В гостинице Рой обратил внимание на сумрачный вид брата.

– Неужели не хочешь возвратиться на Землю? – спросил он. – Ты предложил замечательную гипотезу. Если она подтвердится, совершится одно из крупнейших открытий нашего времени. Или ты не веришь, что нам предоставят такую возможность?

– Не в том дело, Рой, я хочу вернуться домой – и боюсь…

– Чего боишься?

– Как мне смотреть в глаза Андрею? – грустно сказал Генрих. – Я сказал: «Возвращу тебе невесту в добром здравии и хорошем расположении духа». И возвращаю – саркофаг!

Умершие живут

1

Петр потерял нить спора. Рой и Генрих спорили всегда. В мире не было явления, которое братья оценили бы одинаково. Если один говорил: «да», другой сразу же откликался: «нет». Даже по виду они были не разные, а противоположные. Рой – два метра тридцать, голубоглазый, белокурый – был так обстоятелен, что отвечал речами на реплики. Генрих – всего метр девяносто восемь, черноволосый, непоседливый – даже на научных совещаниях ограничивался репликами вместо речей. Словоохотливость Роя раздражала Генриха, он насмехался над стремлением брата не упустить ни одной мелочи. Исследования по расшифровке слабых излучений человеческого мозга, уловленных приборами в межзвездном пространстве, они совершили совместно. Еще когда Генрих заканчивал школу – Рой был на семь лет старше, – братья стали работать вместе и с той поры не разлучались ни на день. Достаточно было одному чем-либо заинтересоваться, как другой тотчас загорался этим же. Трудно было найти столь же близких друзей, как эти два человека.

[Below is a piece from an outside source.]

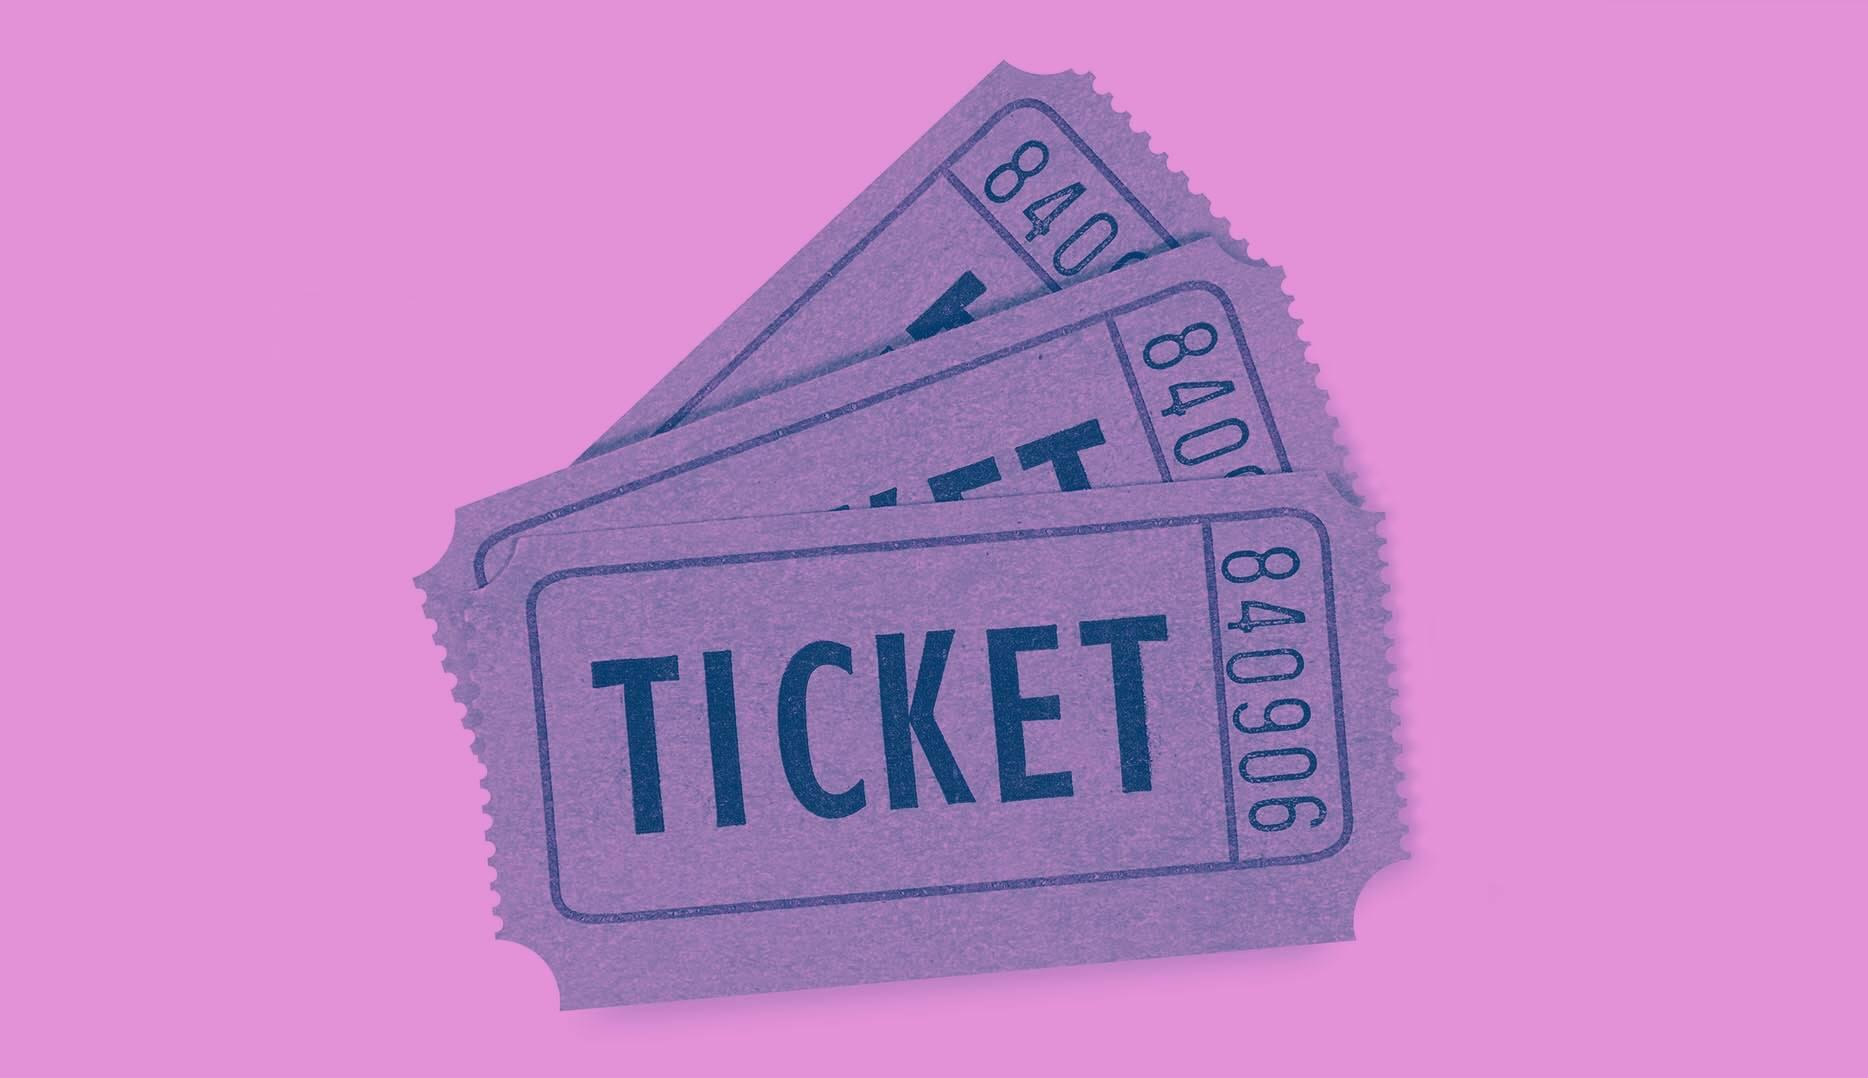 Comment utiliser Wrike comme système de gestion des tickets

– Ты не желаешь слушать! – упрекнул Генрих Петра.

– …и потому надо переработать огромный фактический материал, фиксируя сразу десятки и тысячи объектов, – невозмутимо продолжал Рой какой-то сложно задуманный аргумент.

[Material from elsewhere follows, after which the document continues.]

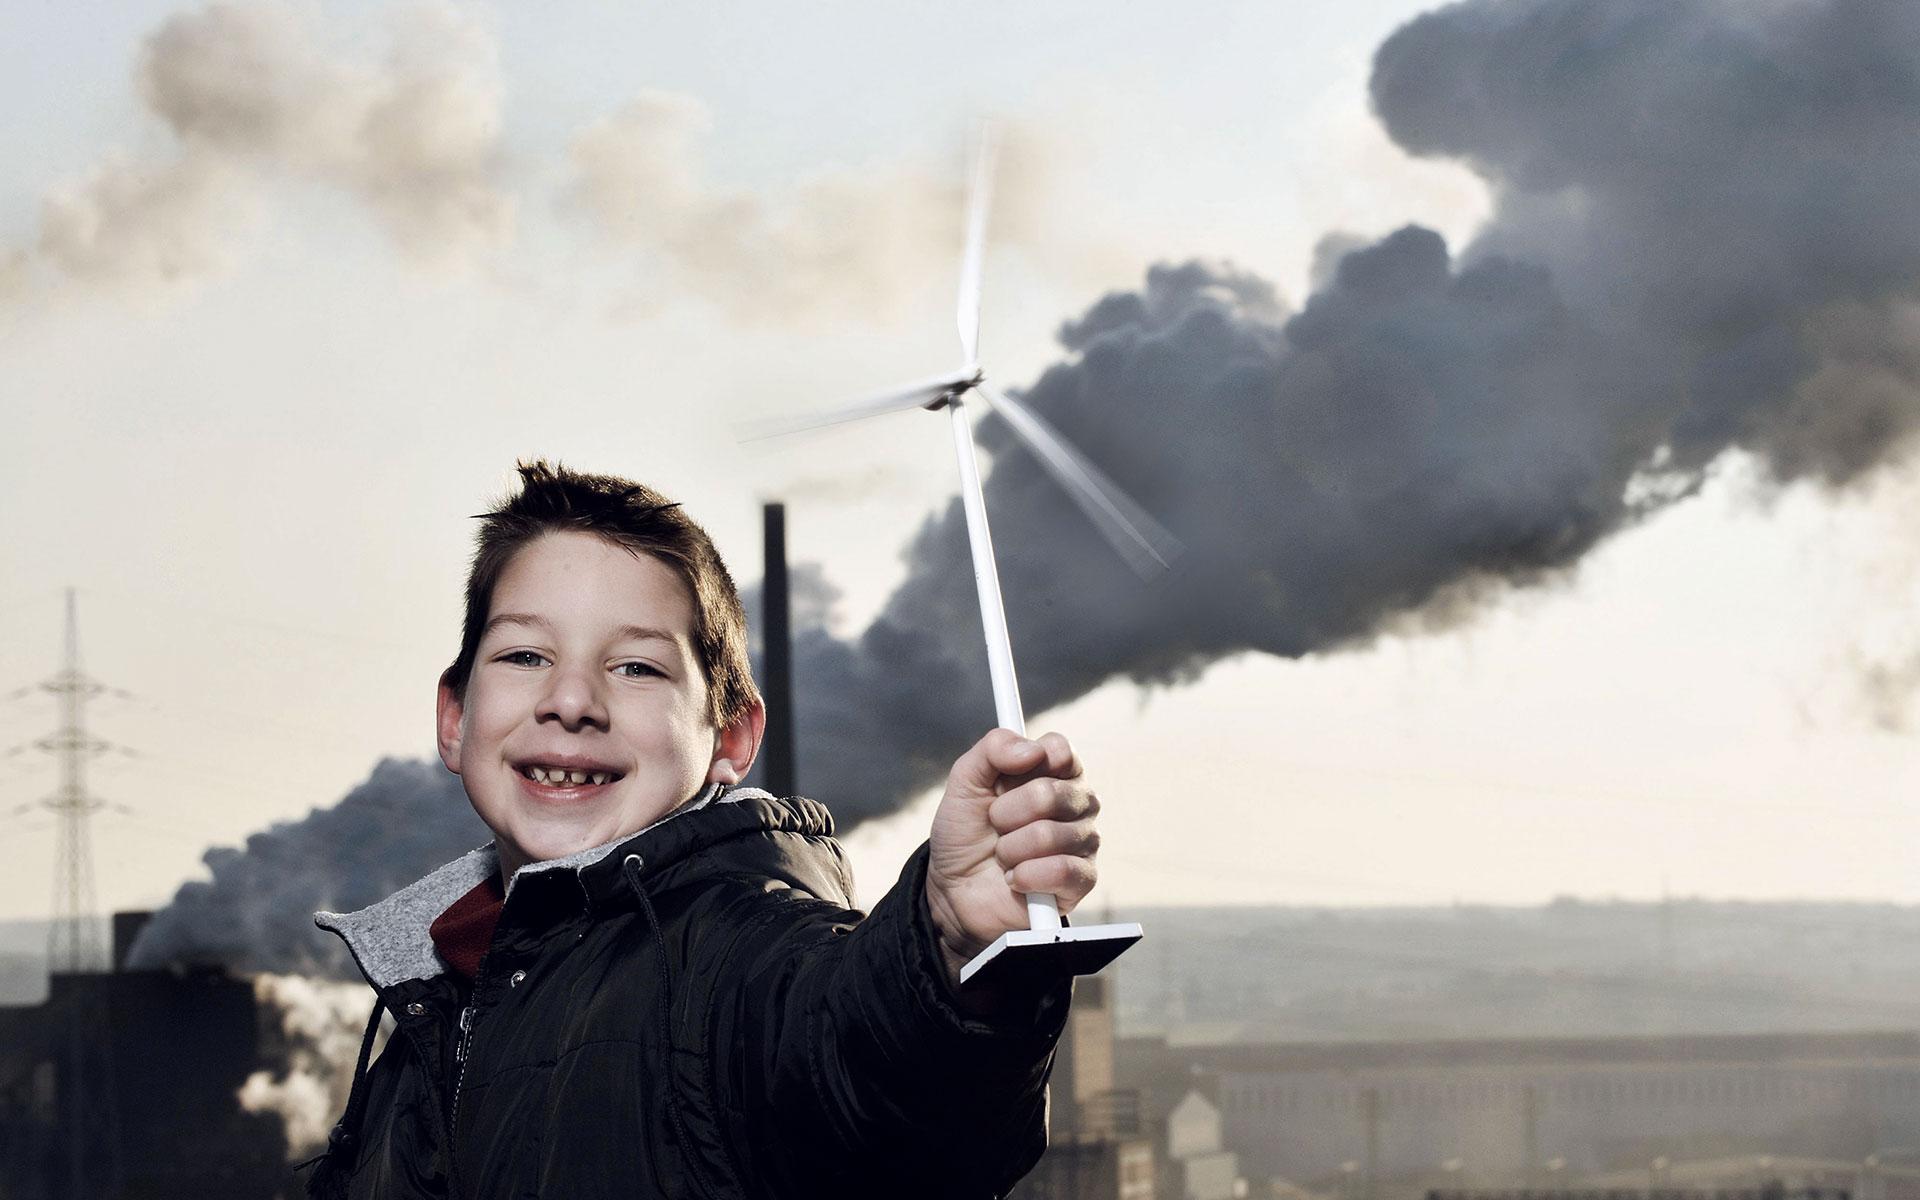 campagna carbone wwf - si al futuro

– Тумба! – с досадой продолжал Генрих. – Даже тумба – и та внимательнее тебя, Петр.

– …а на основе проделанного затем подсчета и отбора наиболее благоприятных случаев…

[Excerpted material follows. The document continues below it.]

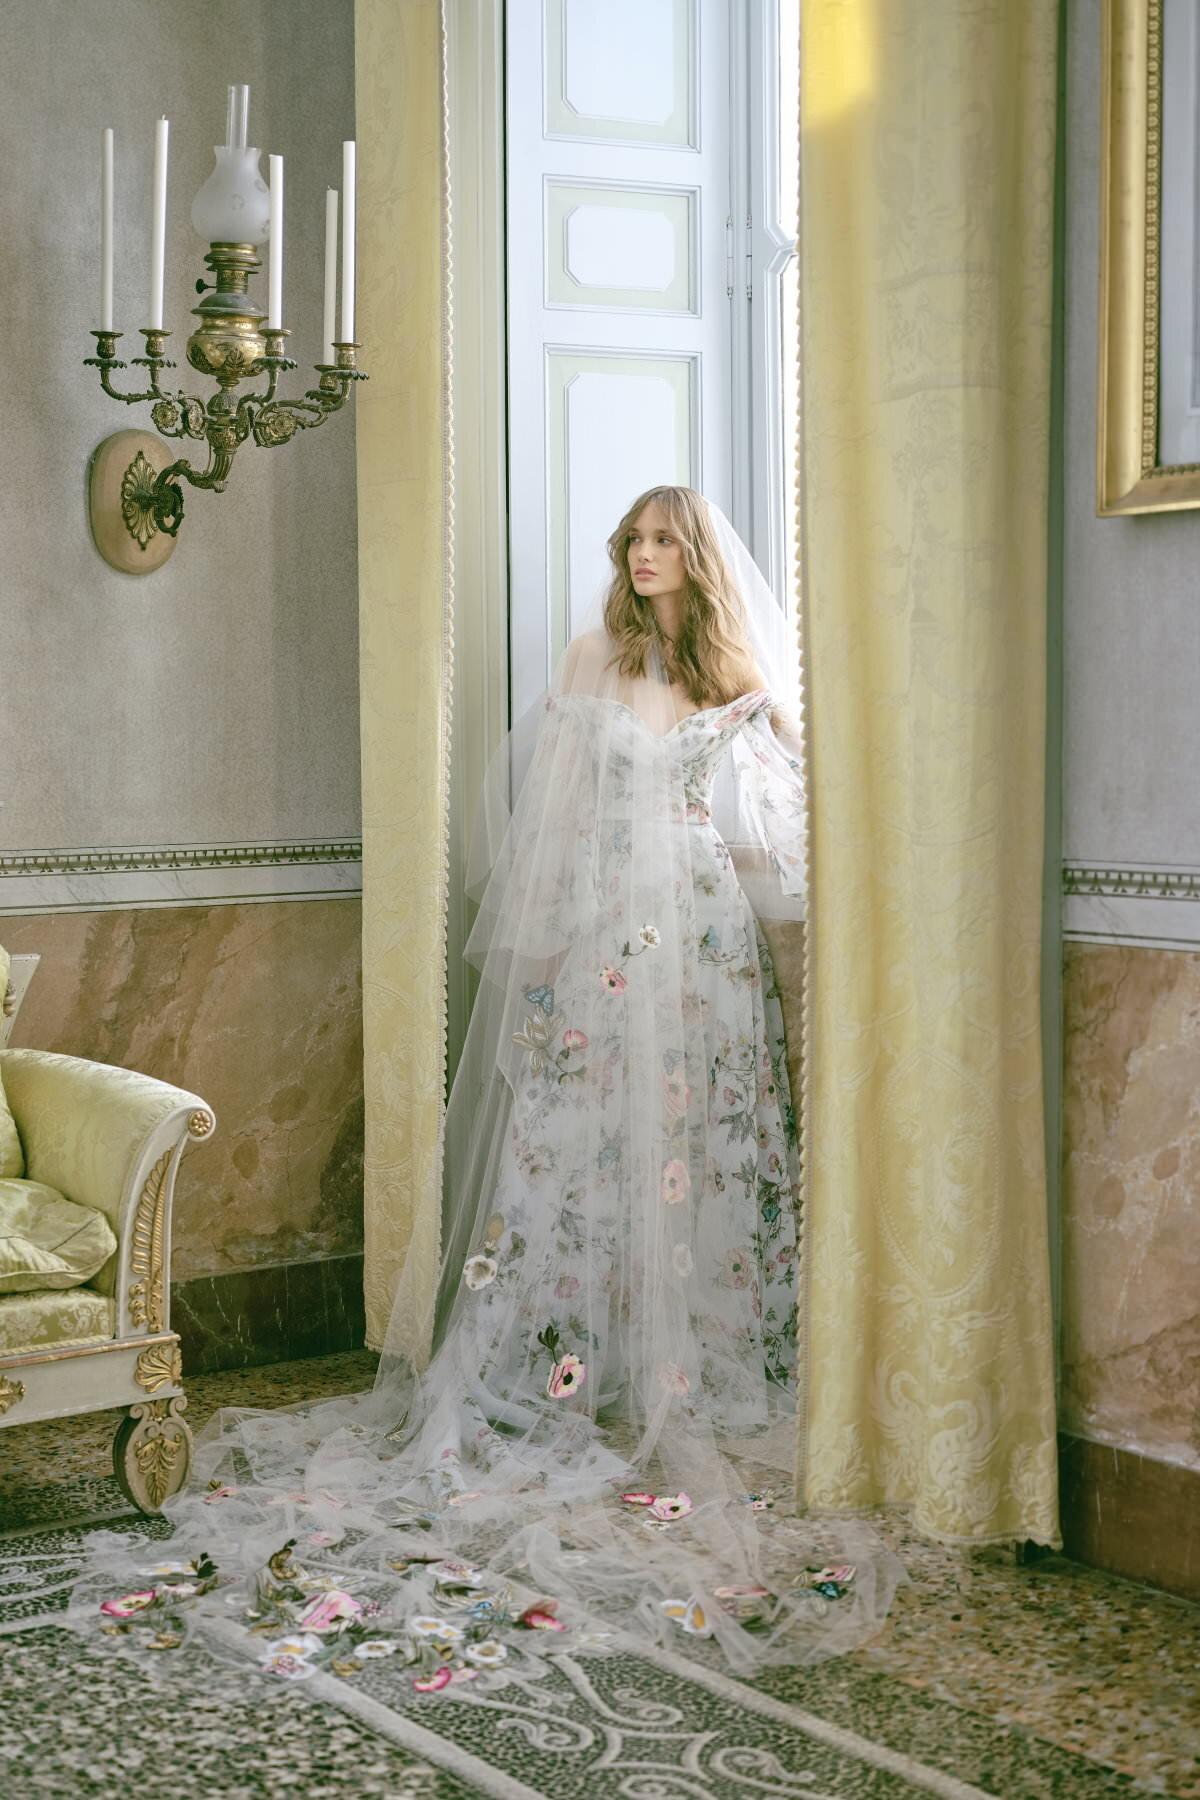 MoniqueLhuillier-Fall2020-Bridal-Look1-Jardin-ktmerry.jpg

– Я отвлекся, – сказал Петр с раскаянием.

– …учитывая, конечно, индивидуальные особенности каждого объекта, ибо на расстояниях в сотни светолет искажения неизбежны, и, кроме общей для всех характеристики, они будут пронизаны своими неповторимыми особенностями…

– Твое мнение? – потребовал Генрих.

– У меня его нет, – сказал Петр. – Я наблюдатель, а не судья.

– …вывести общее правило поиска и применить его к расшифровке других объектов, которые, в свою очередь…

Генрих вскочил:

– Выводи общие правила, а я начну, как все люди, с самого простого.

Генрих вышел, хлопнув дверью. Рой замолчал, не закончив фразы. Петр засмеялся. Рой с укором посмотрел на него.

– Неужели вы рассчитывали, что с первого испытания все пойдет как по маслу? – спросил Петр.

– Вторая неделя, как механизмы запущены, – пожаловался Рой, – и ни одной отчетливой картины!

Петр сочувственно посмотрел на него. Братьям, конечно, не до веселья.

Сверхсветовые волны пространства, в считанные минуты уносясь за Сириус и Капеллу, фиксировали множество сфер излучения, удалявшихся от Земли, но расшифровать их не удавалось. На экране порой вспыхивало что-то туманное, нельзя было разобраться, где лица, а где деревья, где животные, а где здания, – посторонние шумы забивали голоса.

– Вы сумели разрешить самое важное: волны пространства оконтуривают все уносящиеся мозговые излучения, – сказал Петр. – Доказано, что человек оставляет после себя вечный памятник своей жизни. А что буквы на памятнике так сложны…

– На Земле уже двести лет отлично расшифровывают излучения мозга, – возразил Рой. – Но что это может оказаться так трудно по отношению к волнам, давно путешествующим в космосе…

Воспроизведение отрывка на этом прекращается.